Date: 11 Mar 2004 03:48:22 -0800


"Princess Morgiah" <princess_morgiah_nospamplease@yahoo.com> wrote in message news:<iRL3c.30224$UA7.2104432@phobos.telenet-ops.be>...
> Hi everyone,
>
> I just finished a small test program which is supposed to retrieve a file
> from a webserver using sockets.
>
> The code works fine and retrieves the file as expected, but waits for a very
> long time after the file has been received. After the last byte of the file
> (about 300k) is accepted, the program stalls for about 15 seconds, which is
> compared to a browser 15 seconds too long :)
>
> I suspected to see this code continue without interruption after downloading
> the file, and I cannot see what's going wrong here.
[Code snipped...]

Scanning through the code the most glaring problem is the use of HTTP/1.1
and Keep-Alive in the outgoing headers. I'll wager that the incoming
header contains a confirmation that the connection will be kept open for
further requests. Your loop reading the data is sat waiting for more
data, and the web server is sat waiting for another request. Eventually
the server times out the connection - and your read method returns
gracefully by indicating there is no further data to get.

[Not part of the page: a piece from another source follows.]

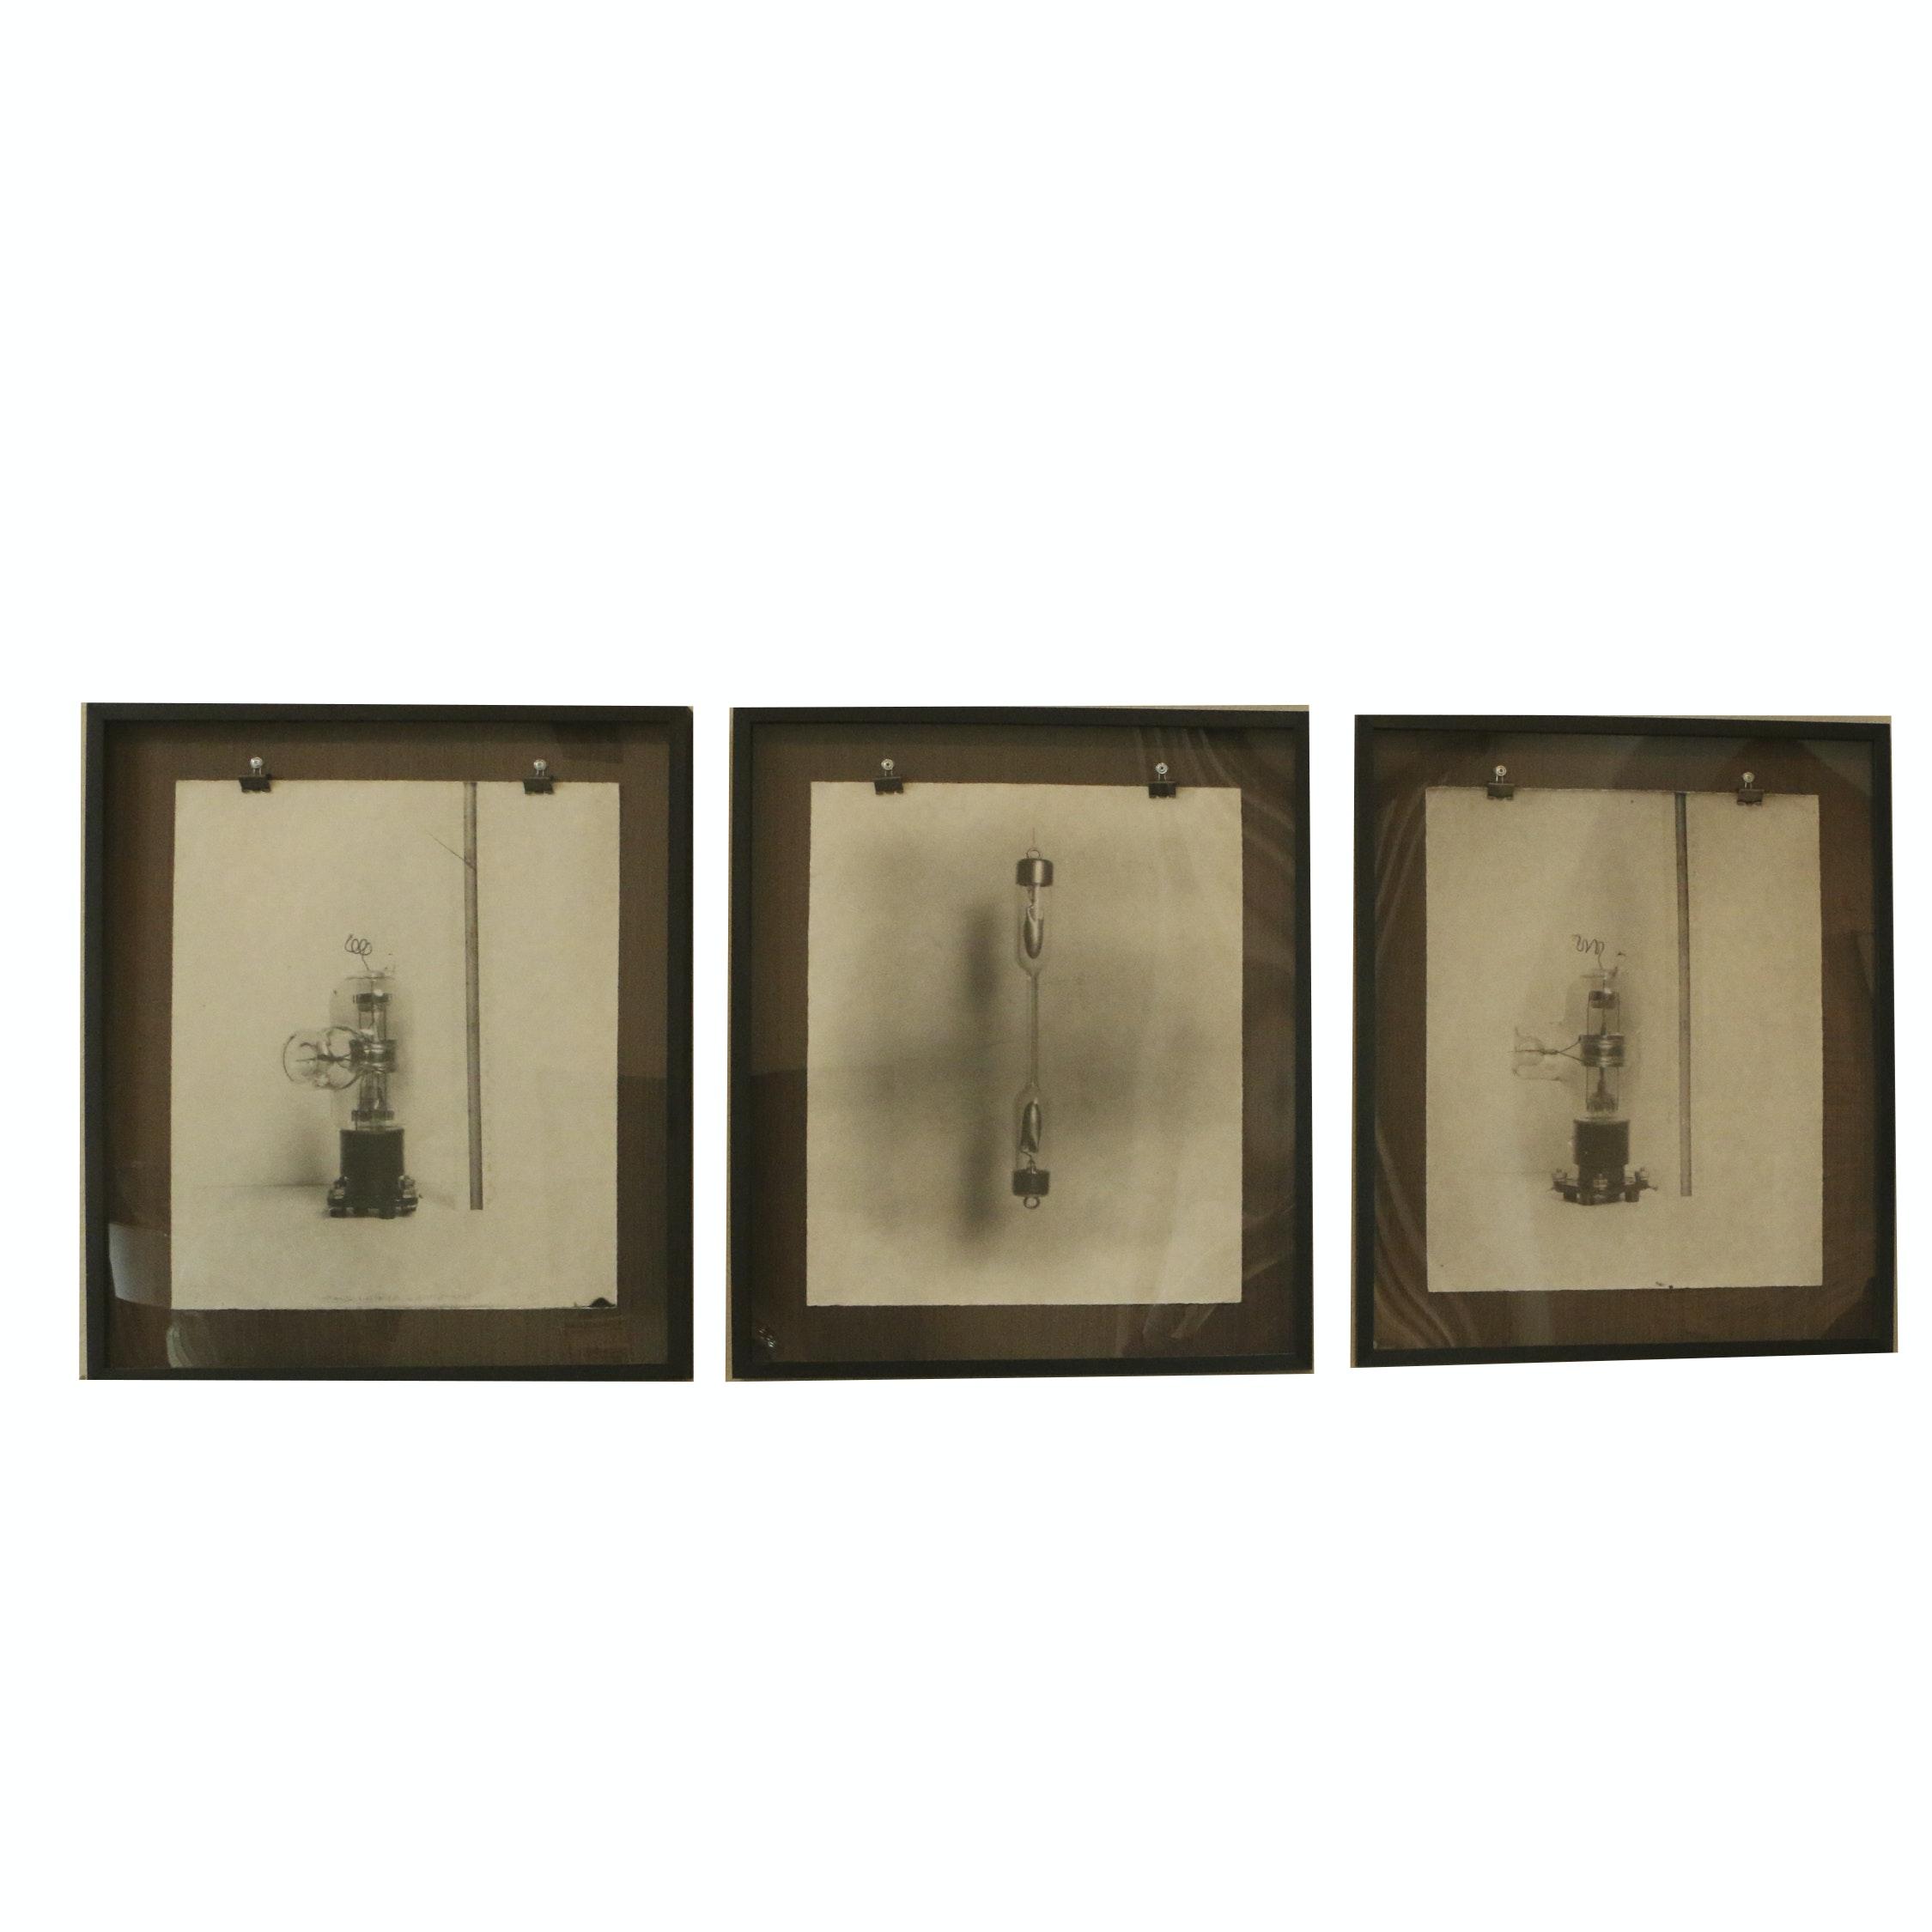 Offset Lithographs of Lightbulbs

When using HTTP/1.1, both sides assume that the connection will be kept
open by default for further requests. The way that one side or t'other
indicates that the connection is to be closed is to set Connection to
"close", not "keep-alive". If you send that header then the server
will know that this is the last request (only request?) on that socket
connection. If the server sets that header, your client must expect
that the server will terminate the connection once the current response
is received - even if your client asked for keep-alive!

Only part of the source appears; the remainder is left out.